FIG. 1 is a graph of phase change in the case of quenching heat treatment performed by the present disclosure.

FIG. 2 is a graph of phase change in the case of austempering heat treatment commonly applied existing product.

[Best Mode]

[0016] A method for manufacturing a wire rod for cold forging having excellent drilling characteristics according to an embodiment of the present disclosure includes: providing a billet including, in percent by weight (wt%), 0.30 to 0.50% of carbon (C), 0.30 to 0.50% of silicon (Si), 0.35 to 0.75% of manganese (Mn), 0.40 to 0.70% of chromium (Cr), 0.010 to 0.050% of titanium (Ti), 0.01 to 0.05% of aluminum (Al), 0.0010 to 0.0050% boron (B), 0.002 to 0.020% of nitrogen (N), and the balance of iron (Fe) and other inevitable impurities; heating the billet to a temperature of 900 to 1200°C and finish hot rolling the heated billet at a temperature of 800 to 1000°C to prepare a wire rod; coiling the wire rod at a temperature of 700 to 900°C to control an average crystal grain size of austenite to 30 µm or less; and cooling the coiled wire rod at a rate of 0.4 to 1.0°C/s.

[Modes of the Invention]

[0017] Hereinafter, preferred embodiments of the present disclosure will now be described. However, the present disclosure may be embodied in many different forms and should not be construed as being limited to the embodiments set forth herein. Rather, these embodiments are provided so that this disclosure will be thorough and complete, and will fully convey the scope of the disclosure to those skilled in the art.

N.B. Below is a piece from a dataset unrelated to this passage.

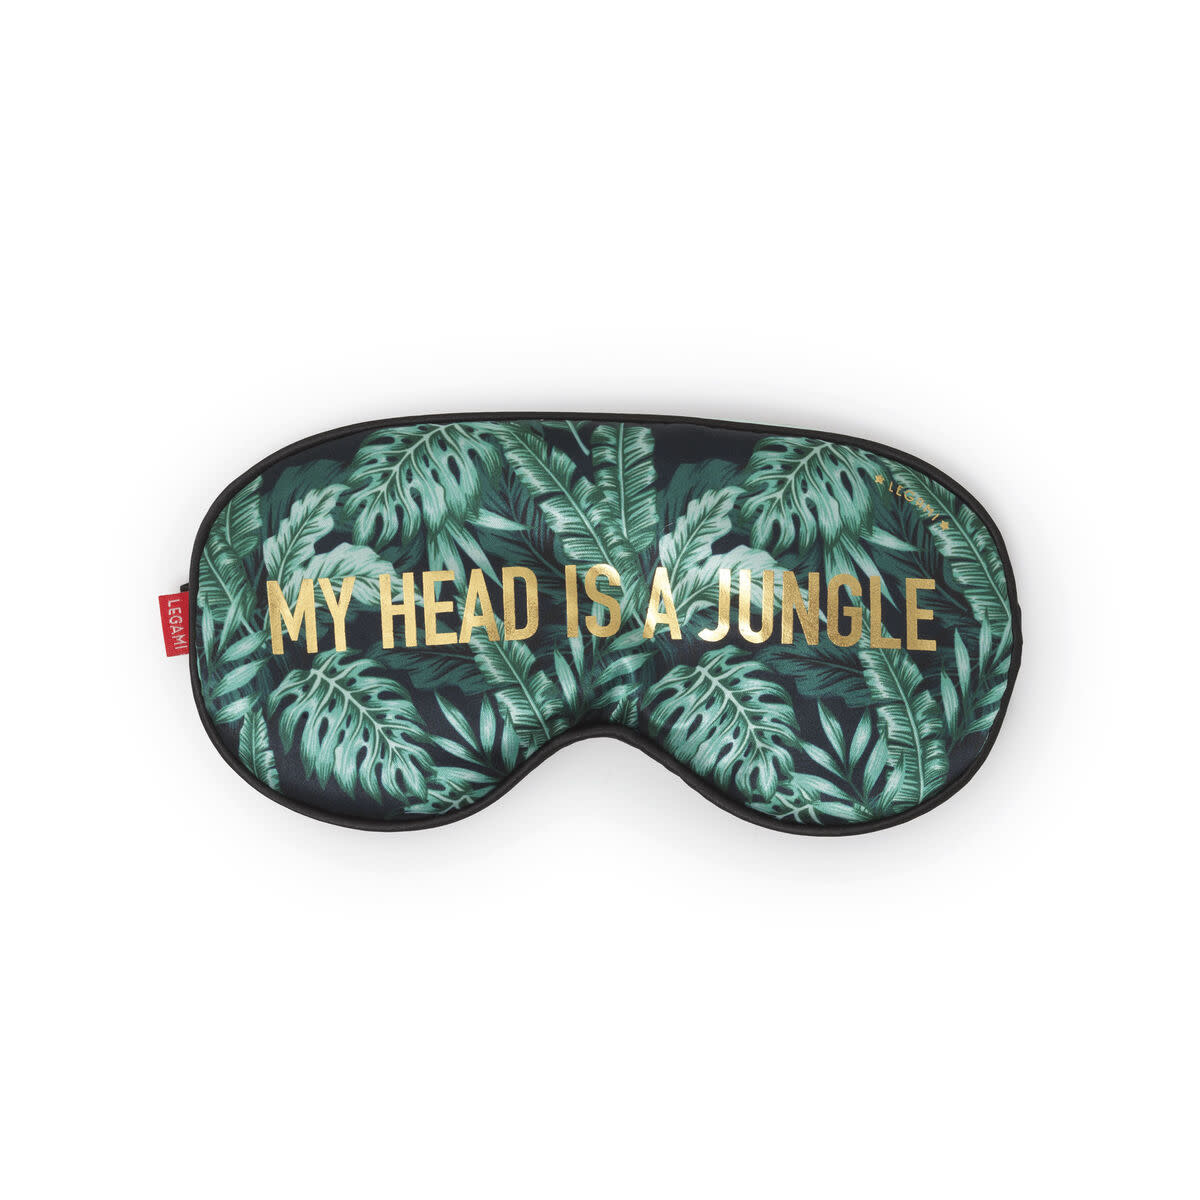 Legami Nap queen sleep mask - my head is a jungle

[0018] The terms used herein are merely used to describe particular embodiments. Thus, an expression used in the singular encompasses the expression of the plural, unless it has a clearly different meaning in the context. In addition, it is to be understood that the terms such as "including" or "having" are intended to indicate the existence of components disclosed in the specification, and are not intended to preclude the possibility that one or more other components may exist or may be added.

[0019] Meanwhile, unless otherwise defined, all terms used herein have the same meaning as commonly understood by one of ordinary skill in the art to which this disclosure belongs. Thus, these terms should not be interpreted in an idealized or overly formal sense unless expressly so defined herein. As used herein, the singular forms are intended to include the plural forms as well, unless the context clearly indicates otherwise.

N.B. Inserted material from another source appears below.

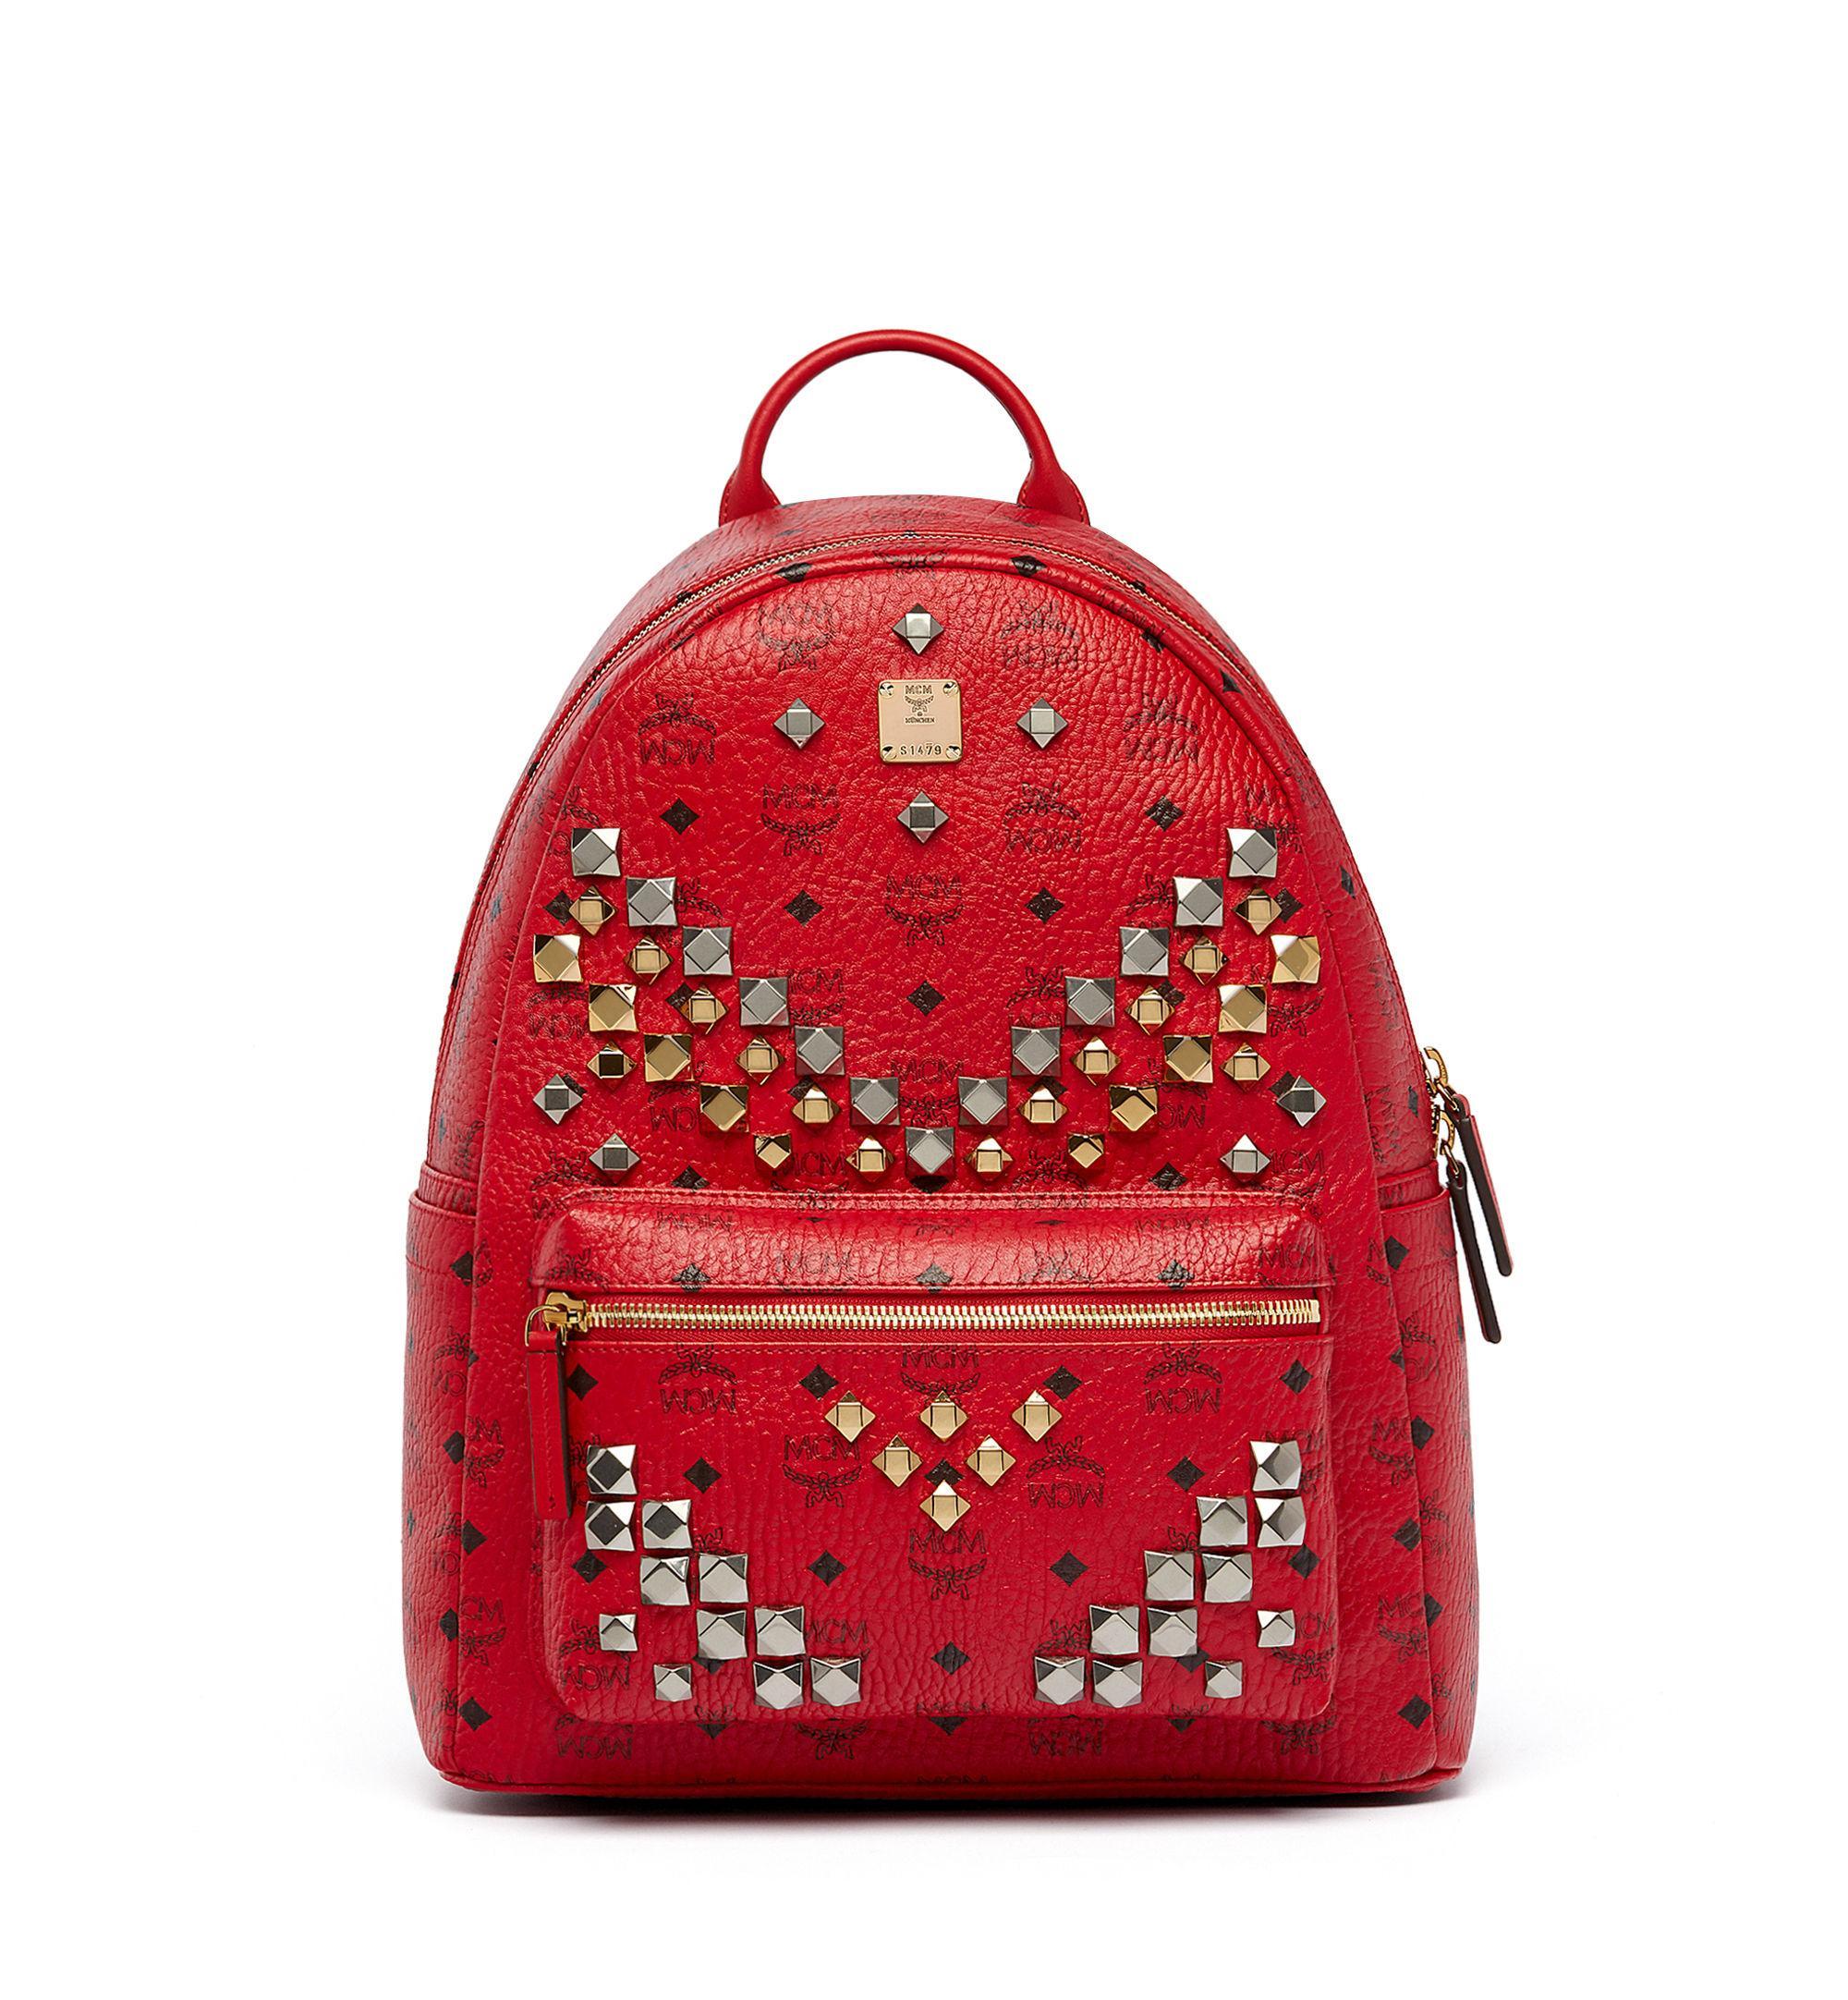 mcm stark m studded medium canvas backpack in red lyst. Black Bedroom Furniture Sets. Home Design Ideas

[0020] In addition, the terms "about", "substantially", etc. used throughout the specification mean that when a natural manufacturing and substance allowable error are suggested, such an allowable error corresponds a value or is similar to the value, and such values are intended for the sake of clear understanding of the present invention or to prevent an unconscious infringer from illegally using the disclosure of the present invention.

[0021] The present disclosure is characterized in that excellent hardness is obtained by using only quenching heat treatment instead of high-cost austempering heat treatment that is conventionally widely used in order to obtain hardness to reduce abrasion during drilling.

[0022] An embodiment of the present disclosure provides a method for manufacturing a wire rod for cold forging having excellent drilling characteristics including: providing a billet including, in percent by weight (wt%), 0.30 to 0.50% of carbon (C), 0.30 to 0.50% of silicon (Si), 0.35 to 0.75% of manganese (Mn), 0.40 to 0.70% of chromium (Cr), 0.010 to 0.050% of titanium (Ti), 0.01 to 0.05% of aluminum (Al), 0.0010 to 0.0050% boron (B), 0.002 to 0.020% of nitrogen (N), and the balance of iron (Fe) and other inevitable impurities; heating the billet to a temperature of 900 to 1200°C and finish hot rolling the heated billet at a temperature of 800 to 1000°C to prepare a wire rod; coiling the wire rod at a temperature of 700 to 900°C to control an average crystal grain size of austenite to 30 µm or less; and cooling the coiled wire rod at a rate of 0.4 to 1.0°C/s.

[0023] If the average crystal grain size of austenite is controlled to 30 µm or less, occurrence of cracks may be inhibited during quenching heat treatment for manufacturing parts which will be described below.

[0024] In addition, when the wire rod has a strength of 800 MPa by controlling the microstructure to include, in area fraction, 45 to 60% of ferrite and 40 to 55% of pearlite, drawing may directly be applied thereto without conducting additional softening heat treatment. Softening heat treatment was required twice for conventional materials for parts, but the wire rod according to the present disclosure may be cold-forged by performing softening heat treatment only once.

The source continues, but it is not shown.